Ainsi, ces auteurs soutiennent que le recours à ces théories est susceptible d’aider à mieux
circonscrire l’impact de la dimension sociale dans la prédiction du comportement.
4.2.3. L’amélioration du pouvoir prédictif des normes subjectives par une
approche qui consiste à interroger le comportement que l’on cherche à prédire
Nous verrons dans ce qui suit (cf. parties 4.4 et 4.5) que les comportements ne doivent pas être
considérés comme équivalents.
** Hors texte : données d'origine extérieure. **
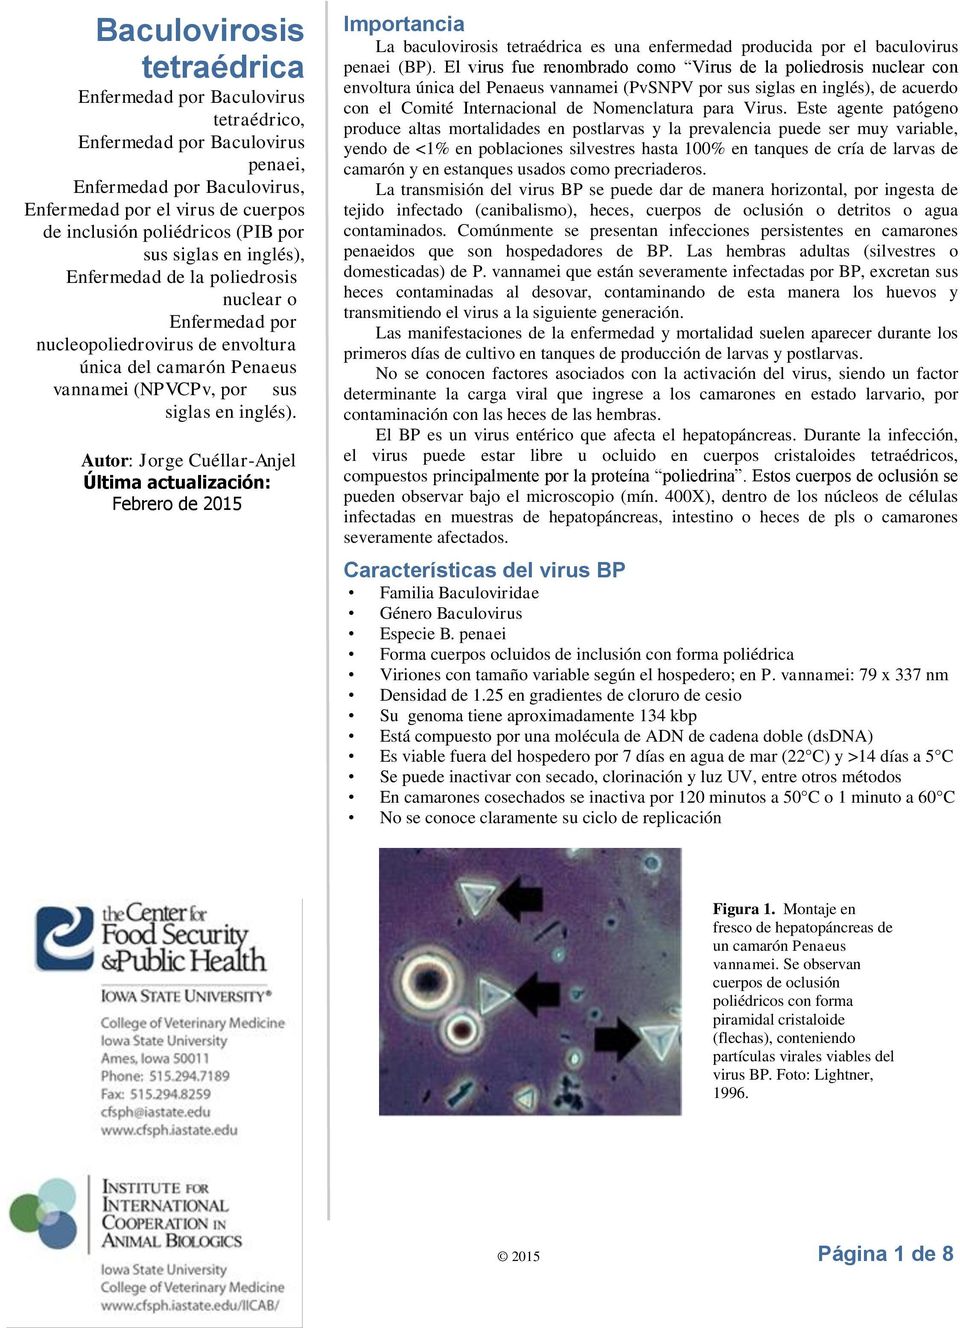 Autor: Jorge Cuéllar-Anjel Última actualización: Febrero de 2015 Importancia La baculovirosis tetraédrica es una enfermedad producida por el baculovirus penaei (BP).

Comparativement les uns aux autres, certains comportements
peuvent être qualifiés de comportements sociaux. Plus exactement, ces comportements
pro-sociaux témoignent de l’apparition de l’impact des variables sociales dans leur prédiction.
4.2.4. Conclusion
Comme nous l’avons vu dans les évolutions du champ du MSI (chapitre 3), la prise en compte de
la dimension sociale dans la prédiction de l’intention d’utilisation est problématique. Plus avant
dans le cadre de la TCP il s’avère que la prise en compte de la dimension sociale soit du même
acabit. Par conséquent, la partie suivante sera l’occasion de développer les deuxième et troisième
procédures d’améliorations de la prise en compte de la dimension sociale développées
72
La saillance des croyances, le comportement passé ou l’habitude, le contrôle comportemental perçu versus l’auto efficacité, les normes morales, l’identité personnelle, et enfin des croyances affectives sont autant de composants dont il convient d’apprécier leur force dans la prédiction du comportement.